%%

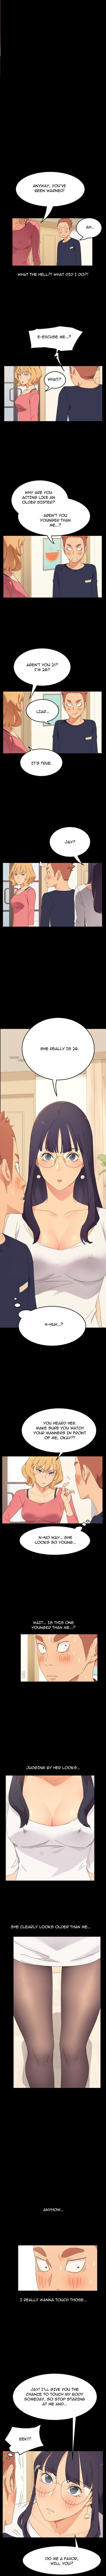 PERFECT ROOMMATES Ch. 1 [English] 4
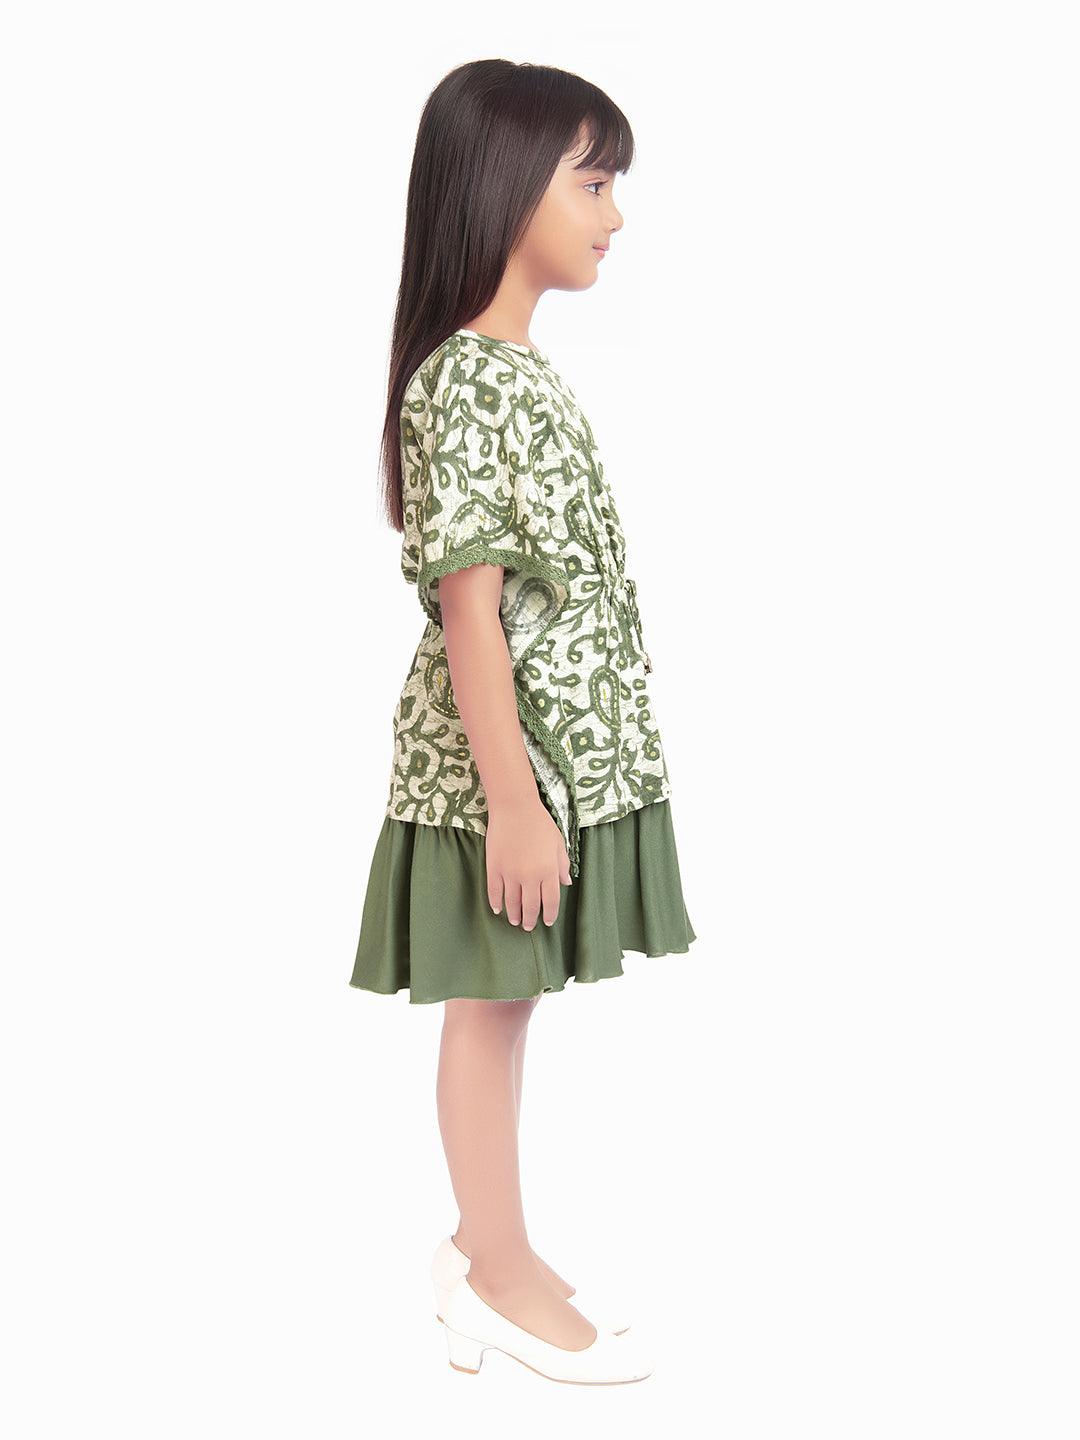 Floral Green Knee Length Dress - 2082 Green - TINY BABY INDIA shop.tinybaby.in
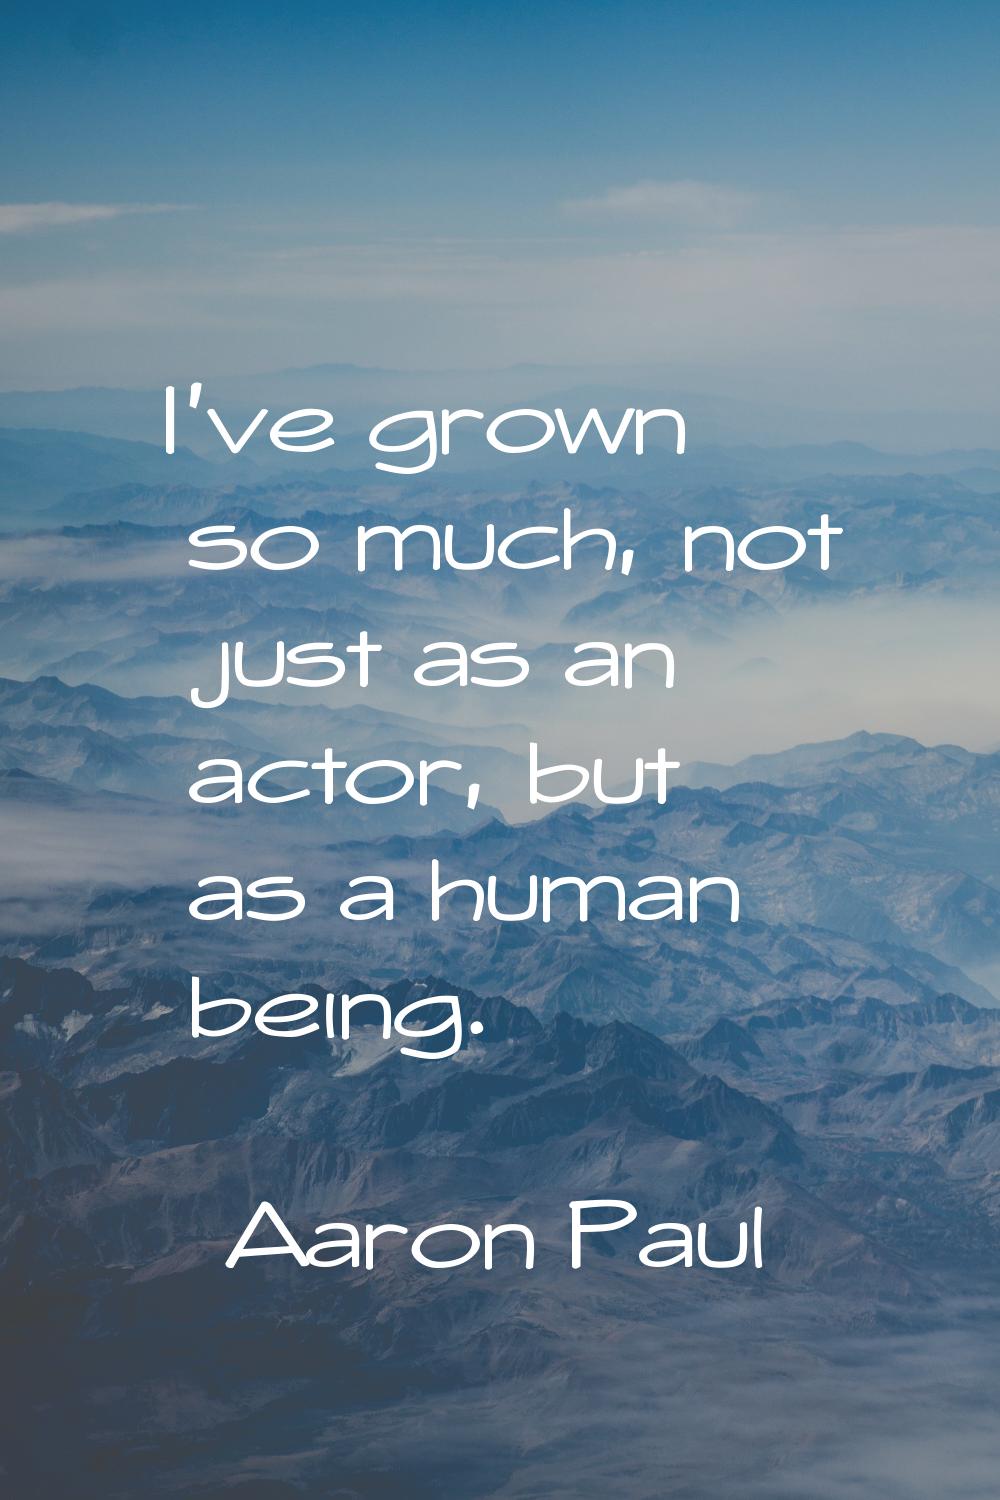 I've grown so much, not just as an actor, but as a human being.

%%

> **Work instructions**
Hand back every line of the material, exactly, without the pictures.

> **Answer below**
 PERFECT ROOMMATES Ch. 1 [English] 4
 Floral Green Knee Length Dress - 2082 Green - TINY BABY INDIA shop.tinybaby.in
 I've grown so much, not just as an actor, but as a human being.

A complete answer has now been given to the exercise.